While “Still Life’’ focused on the displacements stirred during the ongoing construction of the Three Gorges dam, “24 City’’ settles on an aeronautics factory in Chengdu, a city whose expansion seems to epitomize the rest of the country’s. The company that has run the factory since the 1940s is moving to a new location. The old building is to be demolished and the site turned, somewhat inevitably, into a building of condos called 24 City.
Other industrial towns all over the world could tell the same story, and many filmmakers have: a flourishing, then a demise. Jia has done so with poetry. He tells factory 420’s story through the memories of the men and women who hold some connection to it (either because they worked there or their parents did).
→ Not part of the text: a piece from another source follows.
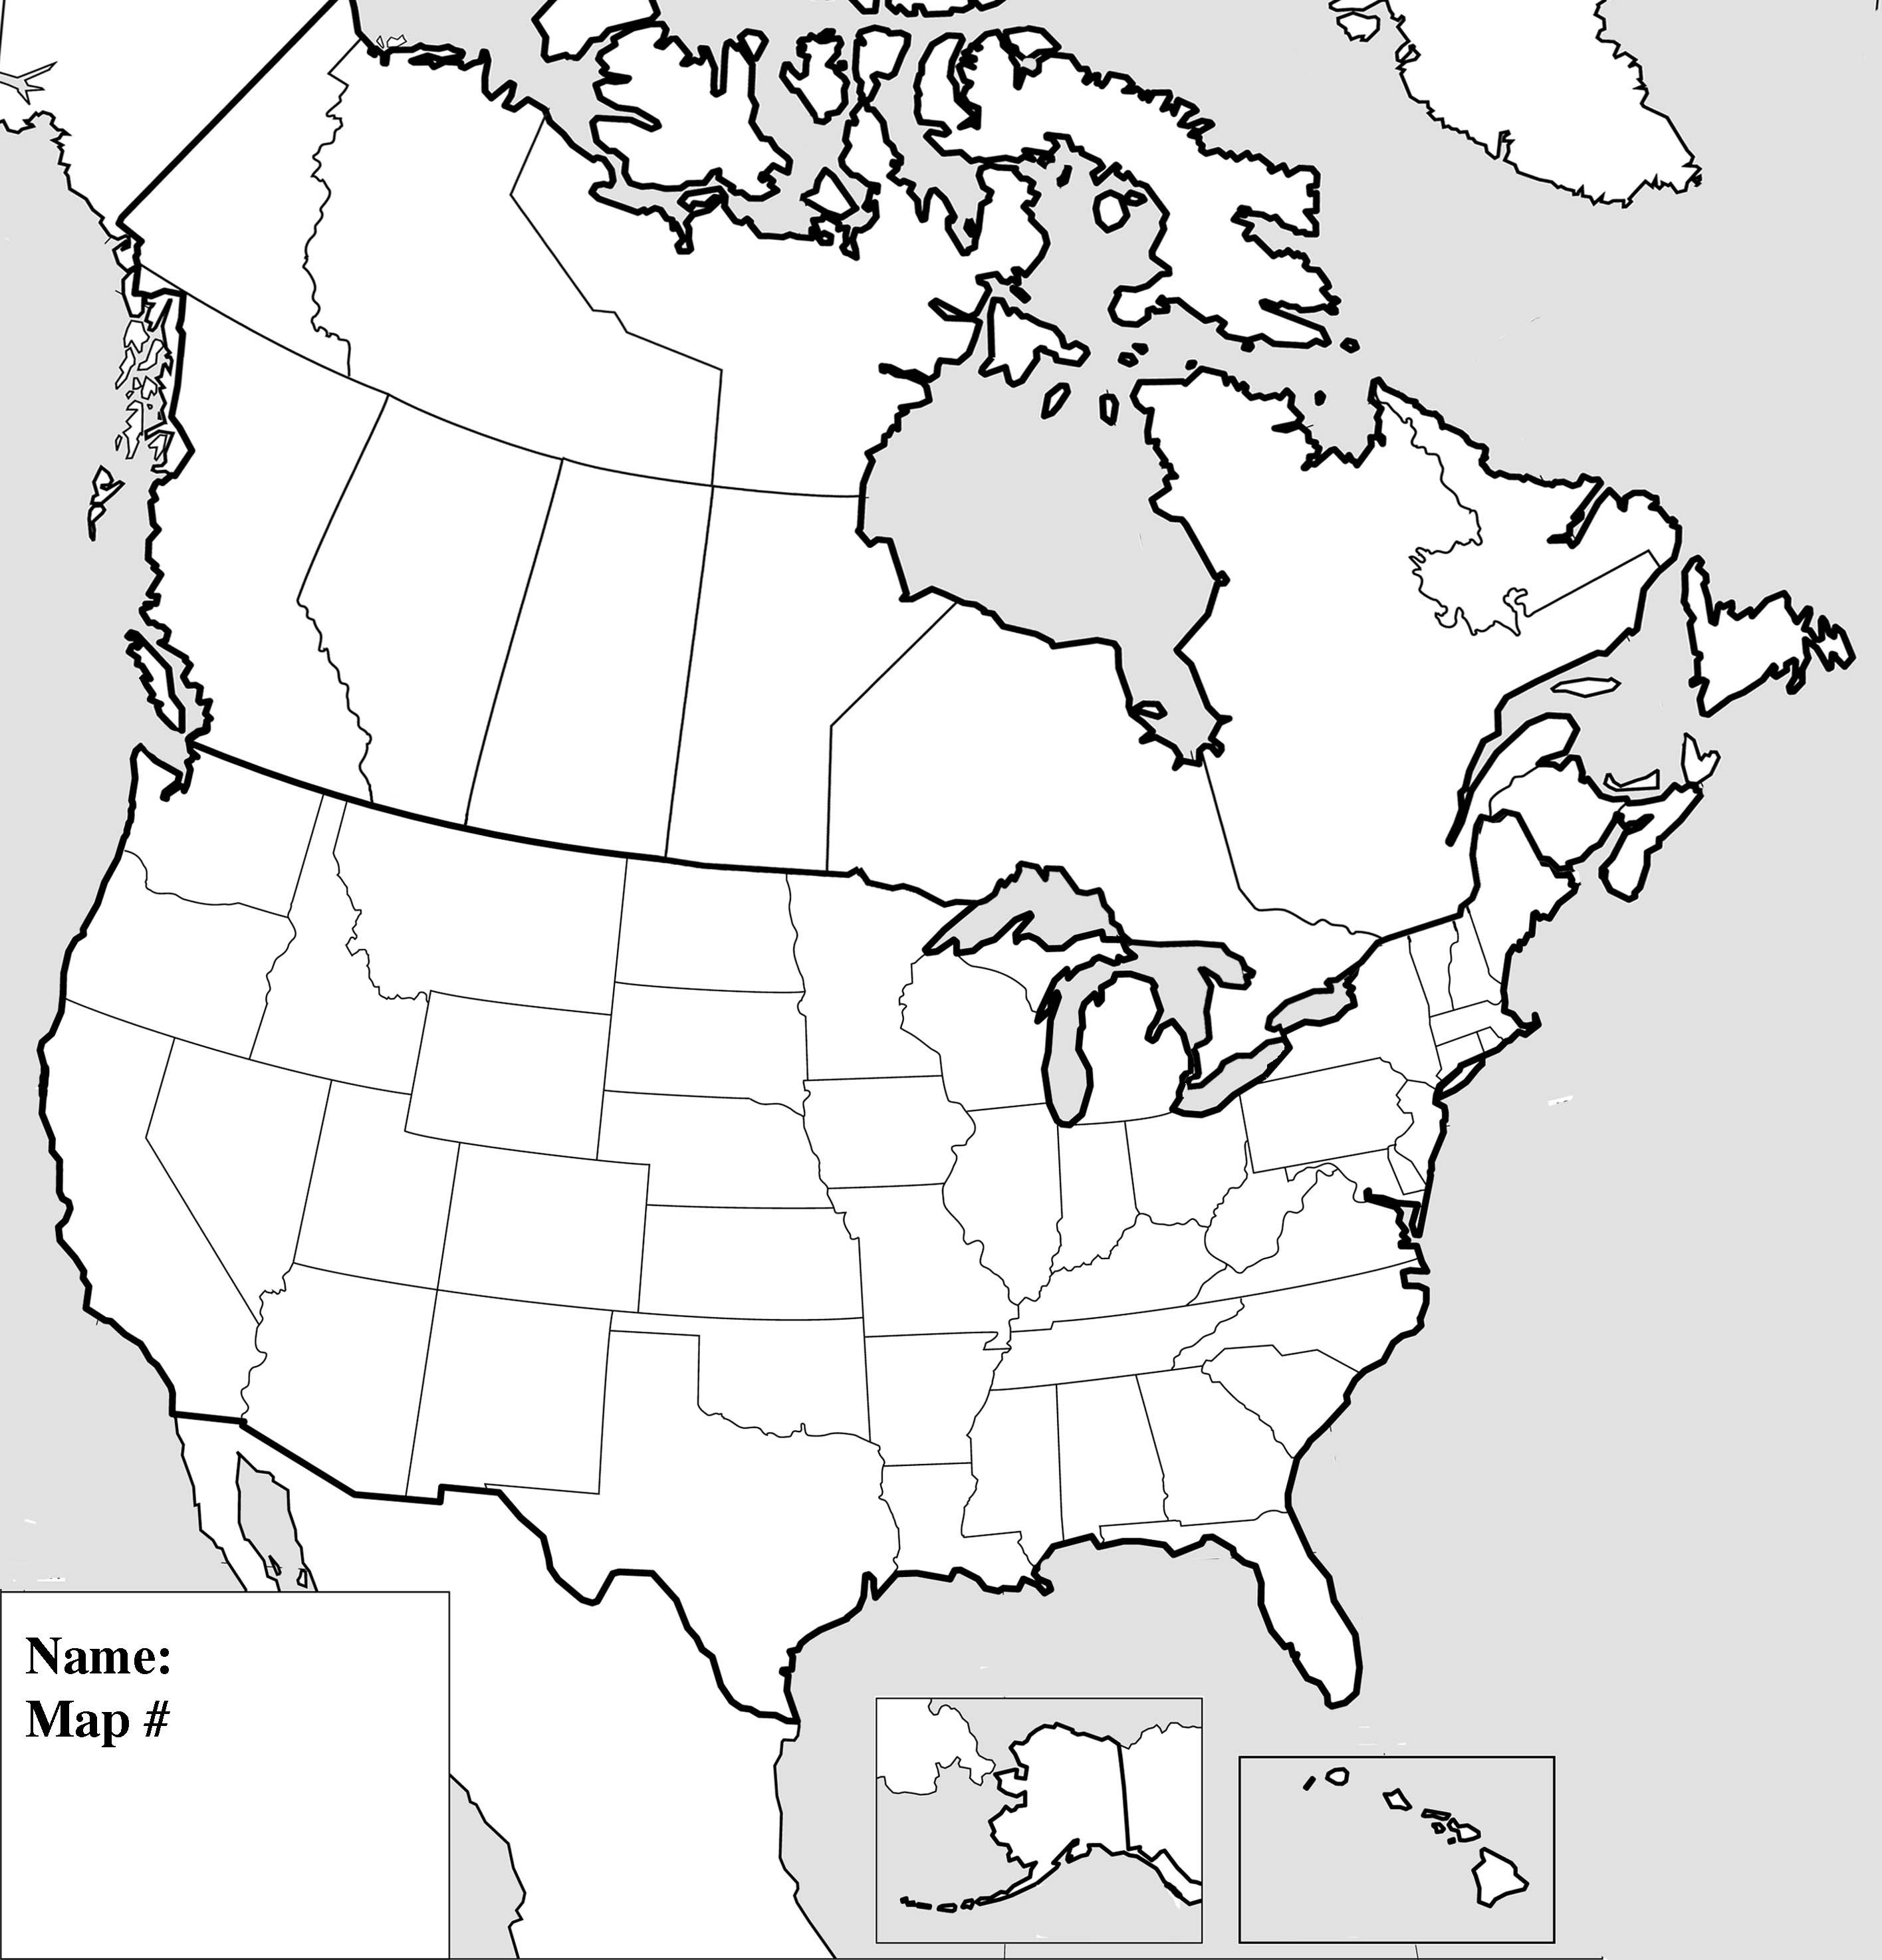 Printable Blank Outline Map Of The United States Unique Outline Map The United States America Save Map Us And Canada
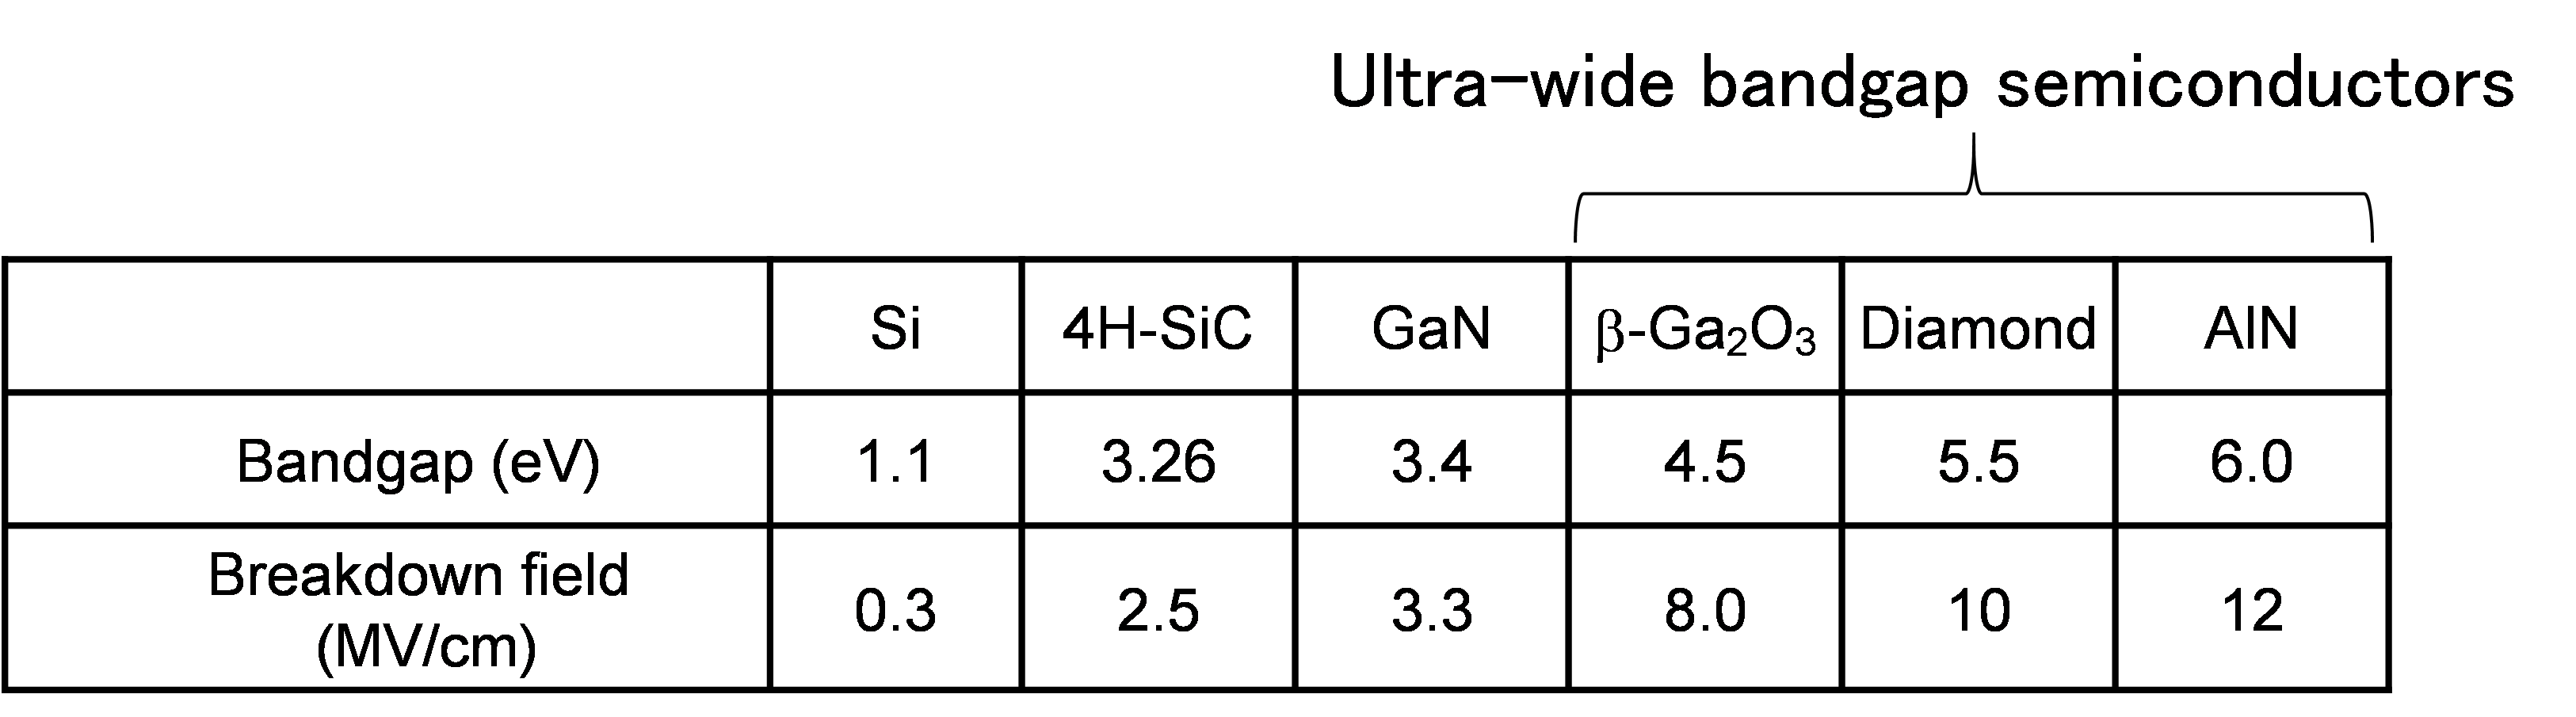 Table I. Bandgap energy and breakdown field of semiconductor materials.

“24 City’’ is as vivid as his other movies; as ambiguous, too. Built largely out of interviews, the movie leaves vague who is and isn’t acting. Or, it leaves that issue as vague as it can. The real people have a sadness and charisma that feels more organic than the professionals. The first former worker Jia introduces, He Xikun, reminisces about a former boss, Wang Zhiren, whom he hasn’t seen in a long time. Jia films the reunion: two old men catching up, the older one explaining that he toiled at 420 every day (including holidays) for decades. Presumably, that explains why He has to shout for Wang to hear him. Their visit is touching. As the younger man strokes the head of the wizened, wheezing older one, you sense that the factory had taken its toll years ago.
It’s tough for the actors who follow to approximate this emotional matter-of-factness. They’re a mix of polish and preciousness. We meet a performer who worked as a quality inspector at 420. Having gotten her name, Little Flower, from a soapy old Joan Chen movie, she conducts her interview sitting in the chair of a beauty salon.